GitHub: NVIDIA/cutlass. Maintained by NVIDIA. Used as the GEMM backend by FlashInfer, vLLM (in some paths), TensorRT-LLM, sglang, DeepSeek-AI's stack, and many others.
What it depends on¶
- CUDA toolkit (CUTLASS 3.6 needs CUDA ≥ 12.4 for full Blackwell features)
- C++17
- A C++ compiler that nvcc can drive
CUTLASS itself depends on nothing else at runtime — it's header-only, compiled into whatever uses it.
SM100 story¶
CUTLASS 3.5+ has dedicated Blackwell datacenter templates under cutlass/include/cutlass/gemm/collective/sm100_* and cutlass/include/cutlass/gemm/kernel/sm100_*. These templates:
- Target
sm_100a(architecture-specific accelerated) - Use
tcgen05.mmafor the inner MMA loop - Allocate accumulators in TMEM via
tcgen05.alloc - Use single-CTA mode (
cta_group::1) by default; CTA-pair mode (cta_group::2) is opt-in via tile-shape choice - Request up to ~220 KiB of SMEM for operand-staging pipeline buffers
- Lean on cluster-shared TMA for cross-CTA data movement when CTA-pair mode is on
Compiling them with nvcc -gencode arch=compute_100,code=sm_100a produces a fatbin that runs only on SM 10.0 devices.
SM120 story¶
CUTLASS 3.6+ has parallel templates under sm120_*. These templates:
- Target
sm_120(orsm_120ffor forward-compat) - Use
mma.syncandwgmma.asyncinstead oftcgen05.mma - Allocate accumulators in registers (smaller tiles to fit) or stage through SMEM (larger tiles, more SMEM pressure)
- Use single-CTA only (no
cluster_dim > 1) - Restrict pipeline stages to fit the 99 KiB SMEM ceiling
- Achieve ~40–70 % of optimal SM120 throughput vs ~95 % for SM100 templates on SM100
The SM120 templates are separate trees from the SM100 templates. They're not just a recompile.
The SMEM cliff¶
The single most-encountered CUTLASS issue on workstation Blackwell. The story:
- CUTLASS uses
StageCountAutoCarveout<sizeof(SharedStorage)>to determine how many pipeline stages to fit in available SMEM. StageCountAutoCarveoutcalculates remaining SMEM astotal_smem - other_useswheretotal_smemis taken from the architecture's published max.- On SM100, max is 228 KiB. On SM120, max is 99 KiB.

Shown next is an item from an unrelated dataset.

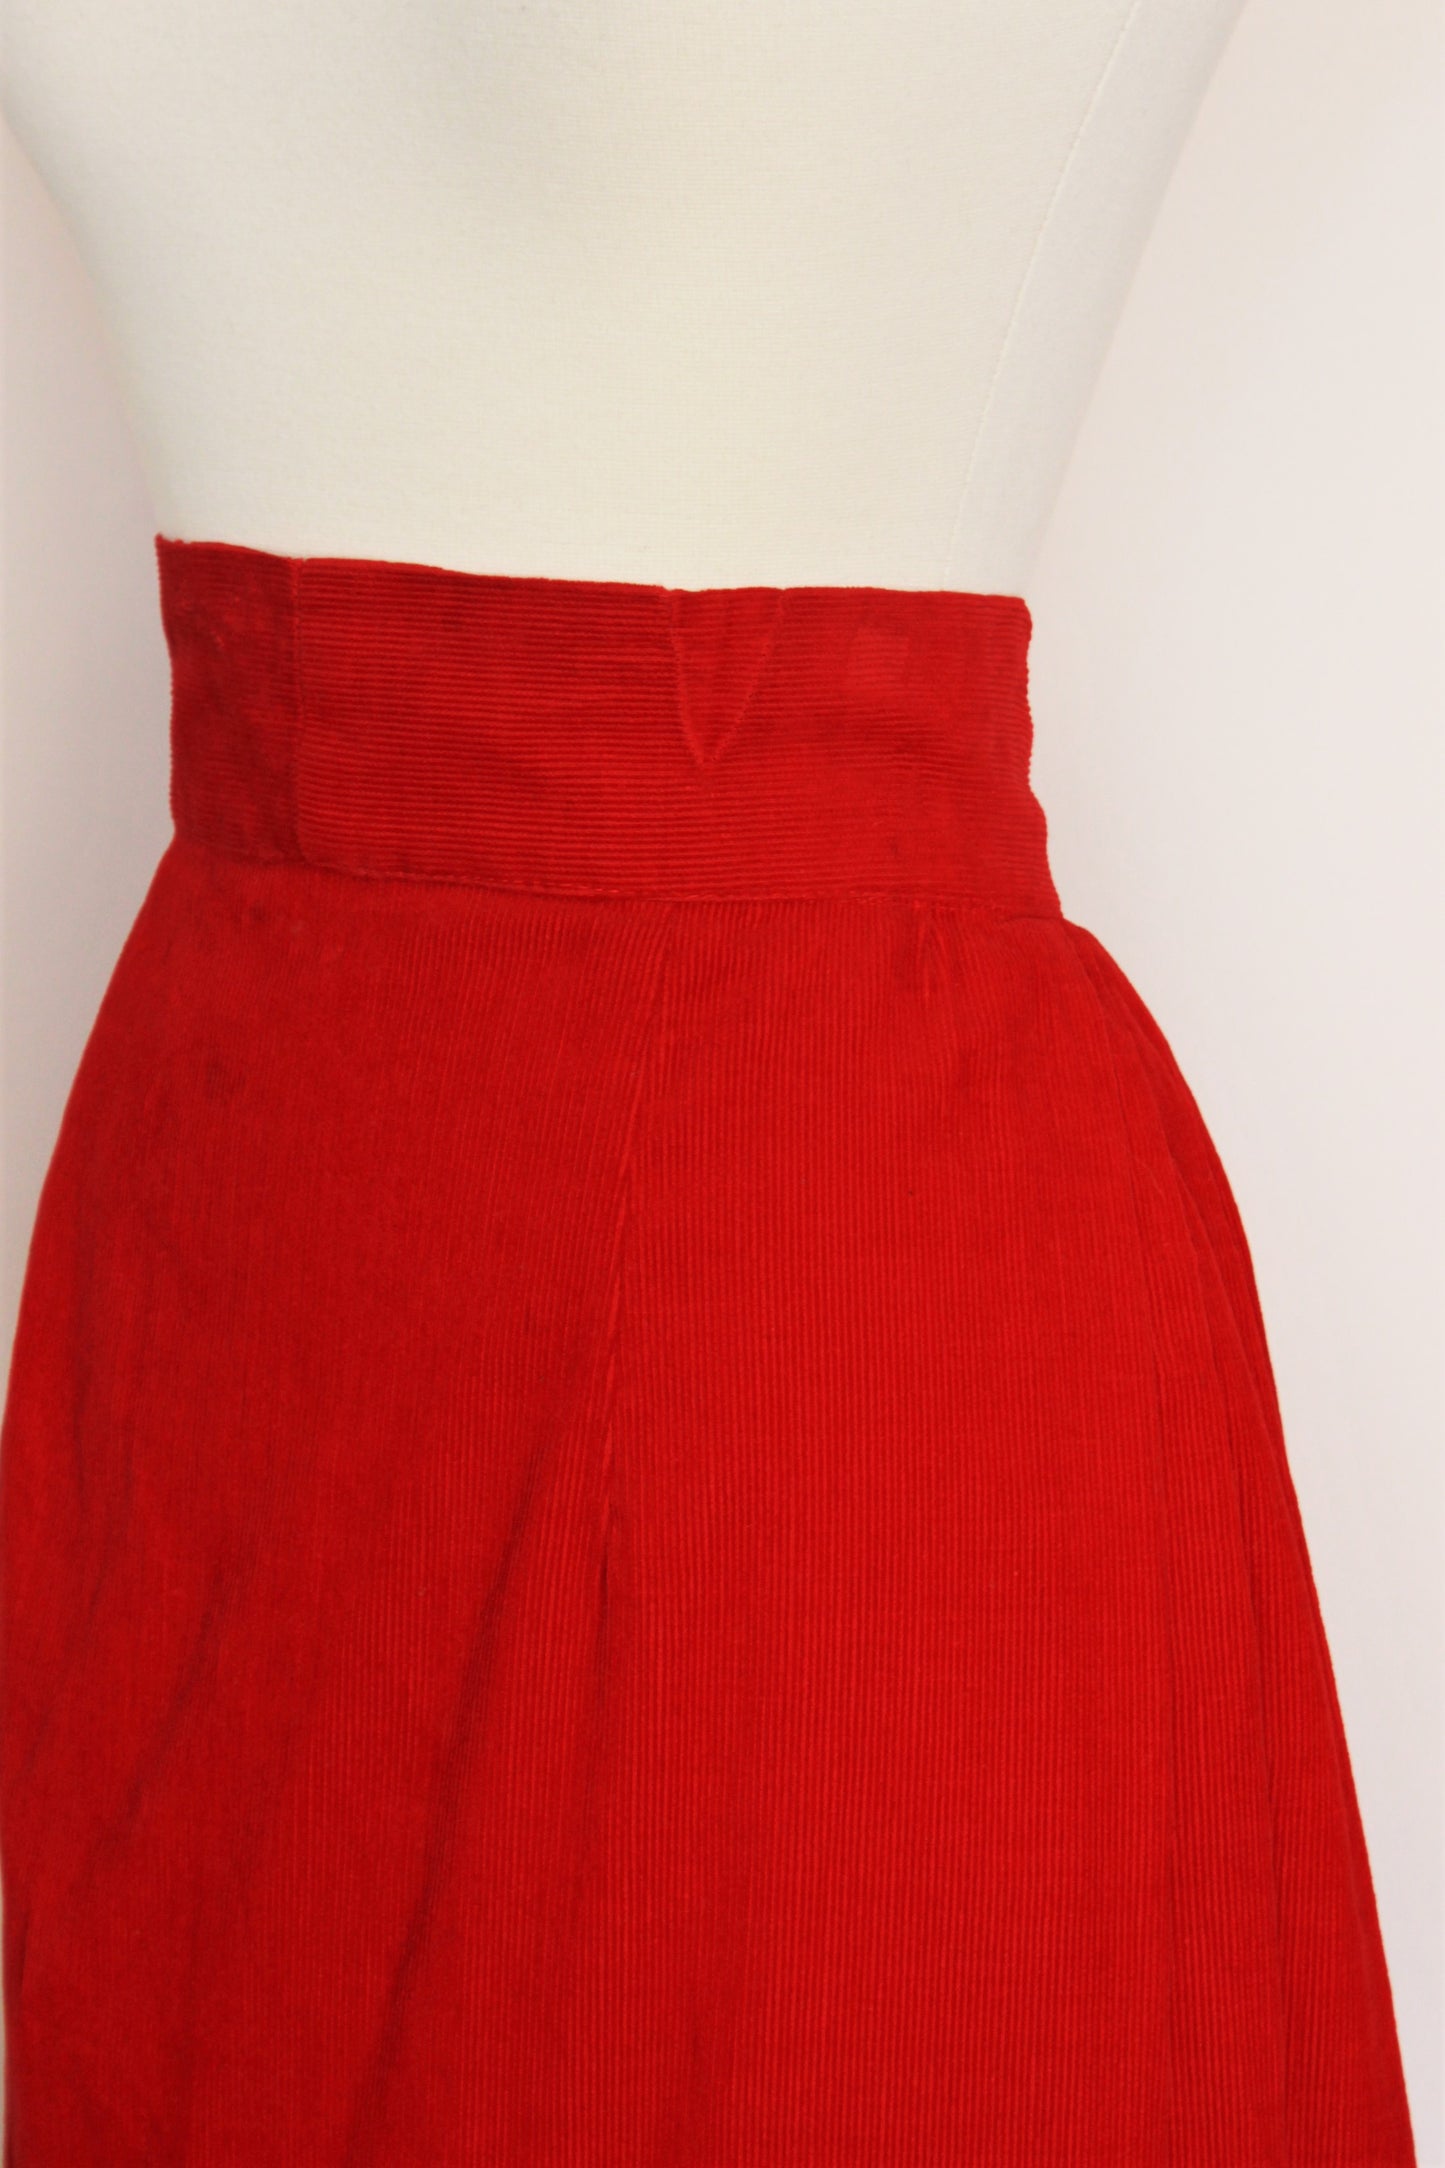 Vintage 1940s Does 1900s Red Corduroy Skirt – Toadstool Farm Vintage
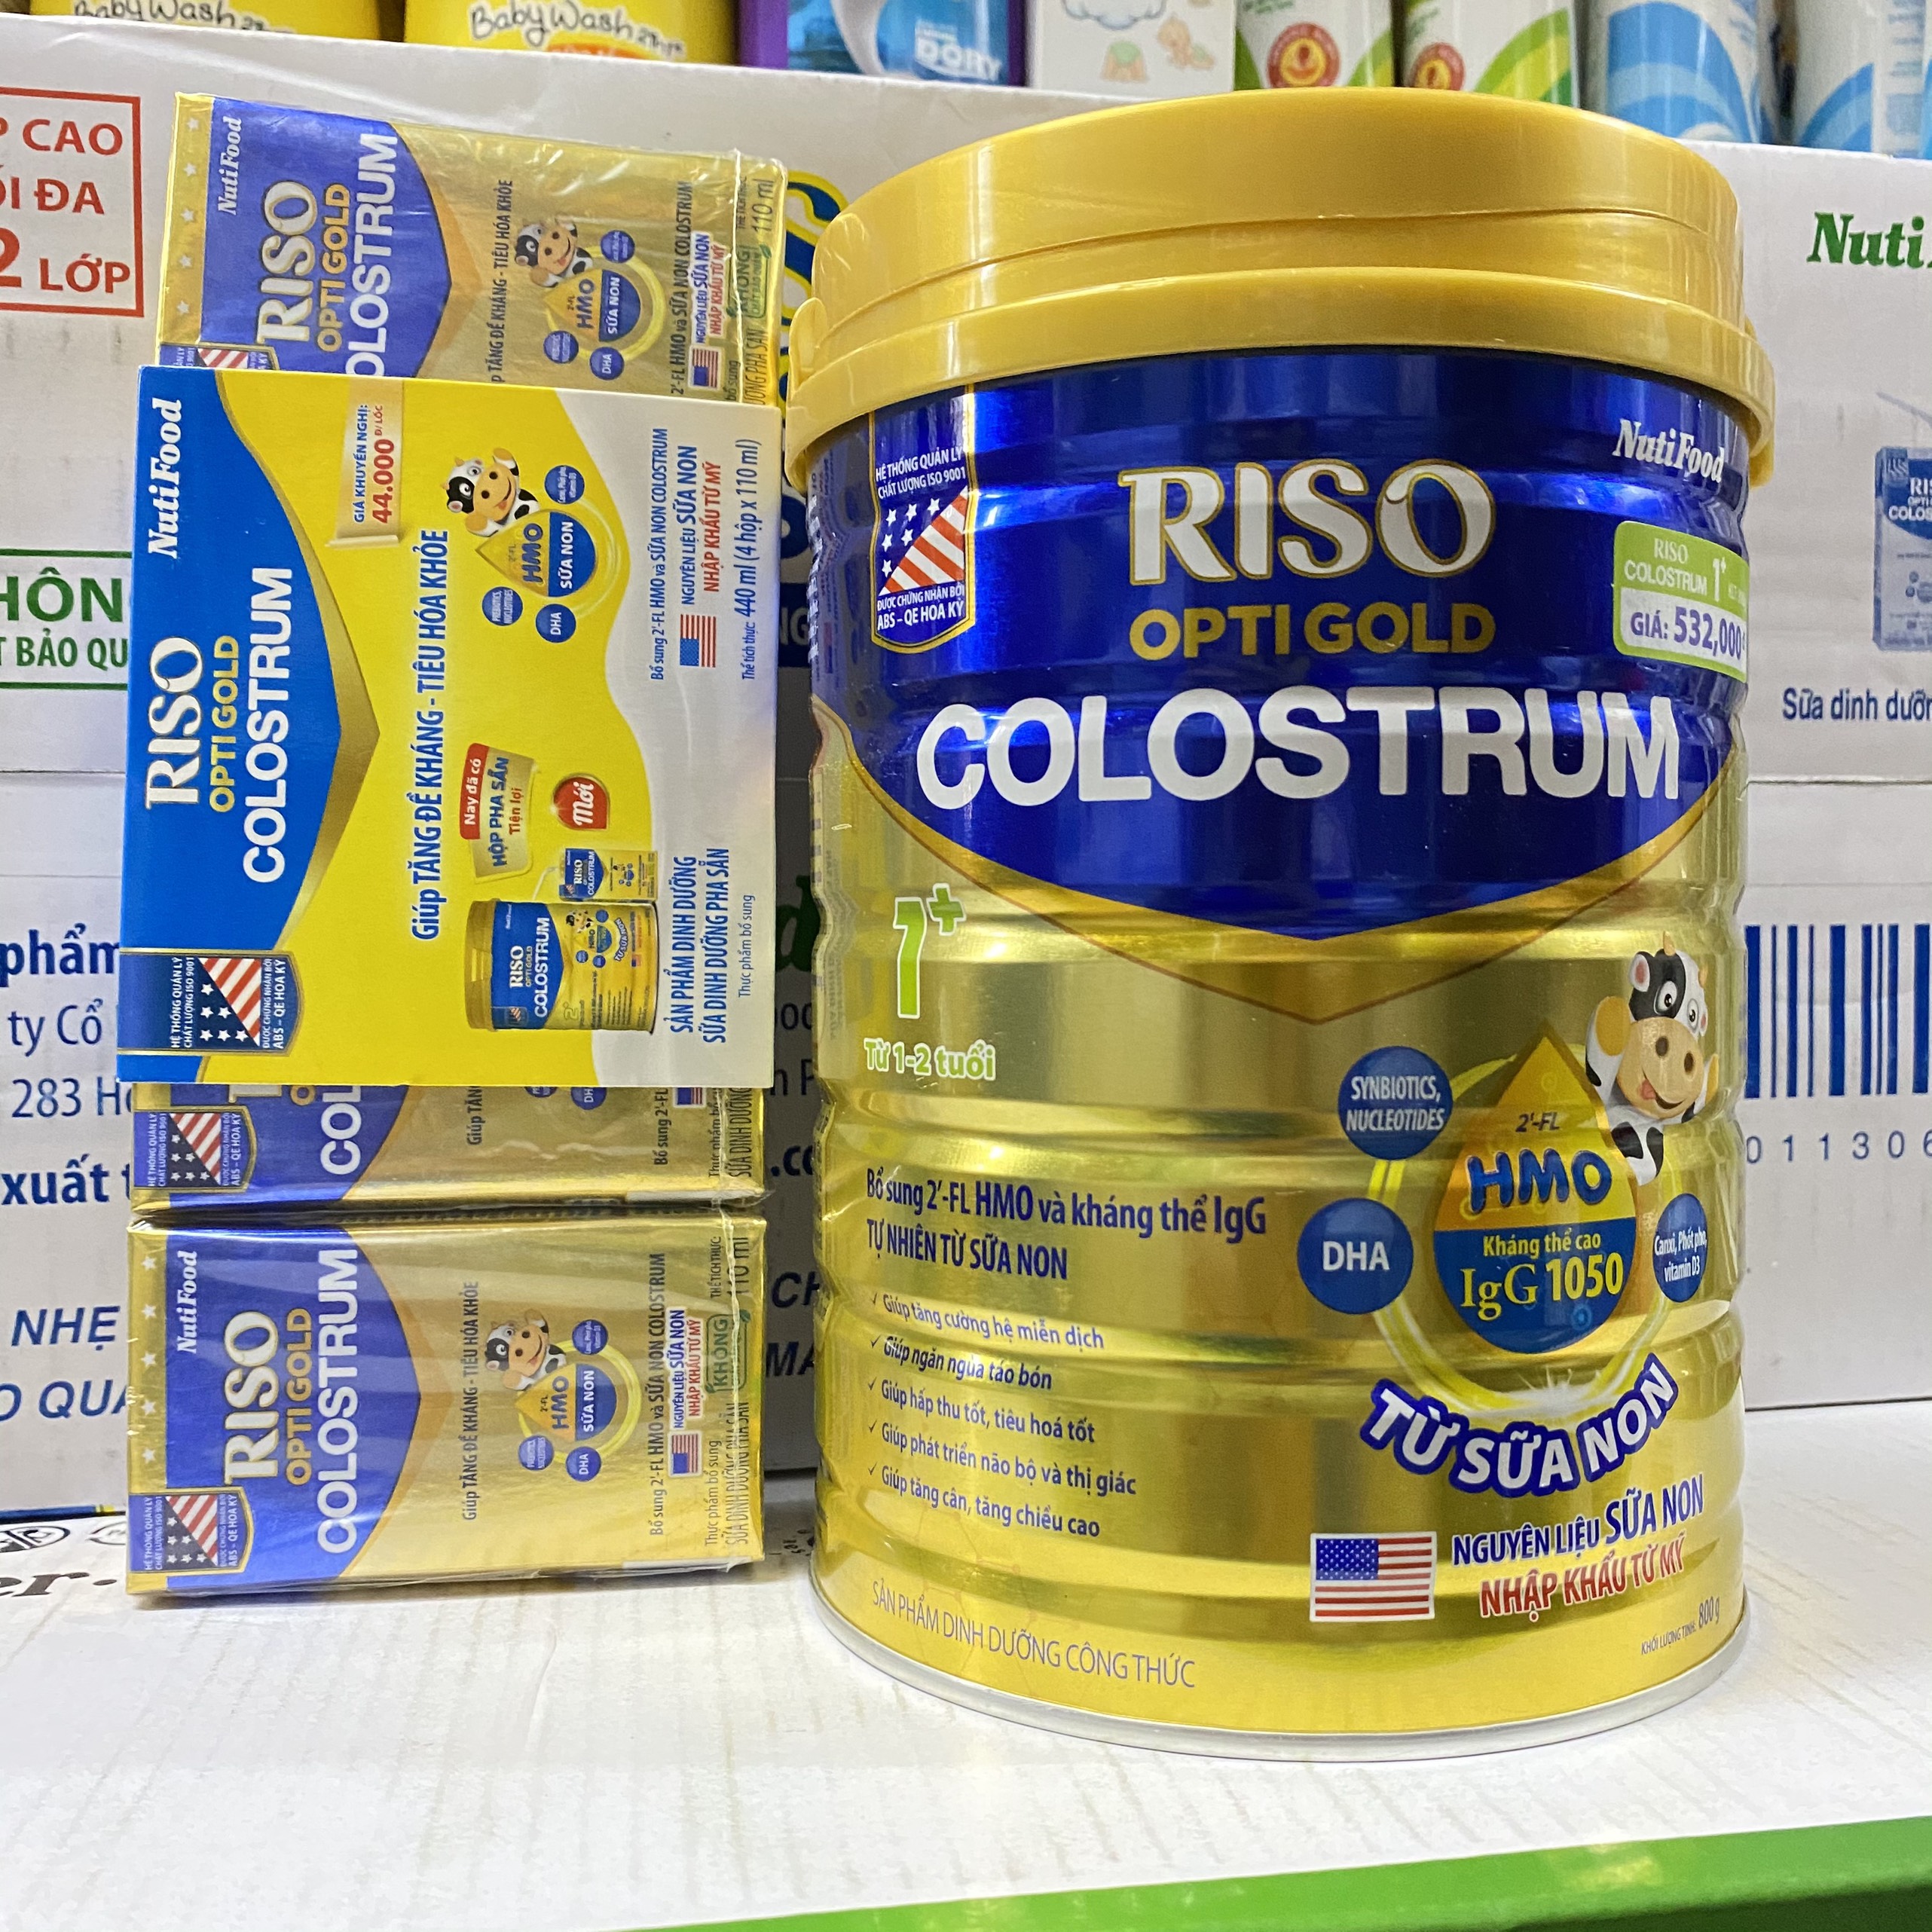 [DATE 2023] Sữa Riso Opti Gold Colostrum 1+ lon 800g + 4 Hộp sữa pha sẵn 110ML RISO COLUSTRUM

- If a developer tests their template on SM100 (with 228 KiB headroom) and then runs the same code on SM120, the auto-carveout calculation believes there's 228 KiB available and requests pipeline buffers that overflow the actual 99 KiB.
- The launch succeeds (CUDA driver doesn't validate the request precisely), but writes past the SMEM boundary into adjacent banks. Outputs are zeroed/scrambled. No error.
The canonical issue: NVIDIA/cutlass#3096 ("SMEM size detection on Blackwell consumer parts"). The fix in flight: a runtime SMEM budget query that respects the actual device limits.
Workarounds in the meantime:
- Manually set
StageCountto a small number (2 or 3) instead of auto-carveout - Use the
sm120_*templates rather than thesm100_*ones - Choose smaller tile shapes that don't push SMEM hard
Common failures¶
Failure 1: no kernel image is available
You built a CUTLASS-using library against sm_100a and ran it on SM 12.0. The fatbin contains only sm_100a cubins, no SASS for sm_120, and the embedded PTX (if any) targets sm_100a which can't JIT to sm_120.
Fix: rebuild with -gencode arch=compute_120,code=sm_120 and the SM120-targeted templates, not just the SM100 templates with a different gencode flag.
Failure 2: Silent output corruption (the SMEM cliff)
Described above. The kernel runs, the API returns success, the output is zeros or garbage.
Detection: for a CUTLASS-based GEMM, manually run a small reference computation in BF16 and compare. If the tile shape was sized for SM100 SMEM, this fails.
Fix: use SM120 templates with smaller tile shapes, or set explicit StageCount.
Failure 3: Cluster downgrade
A CUTLASS template with cta_group::2 (CTA-pair MMA) is launched on SM120. The cluster dim is silently set to (1,1,1); the kernel deadlocks at the first cluster.sync or produces wrong outputs.
Fix: only use CUTLASS templates that have cta_group::1. The SM120 template tree enforces this; the SM100 tree does not.
Failure 4: NVFP4 scale layout mismatch
CUTLASS expects NVFP4 scales in a specific layout (block-interleaved, FP8 E4M3). If a model artifact was saved in MX-FP4 layout (block-32 with FP6 E3M2 scales) and loaded into a CUTLASS NVFP4 template, the scales are misinterpreted.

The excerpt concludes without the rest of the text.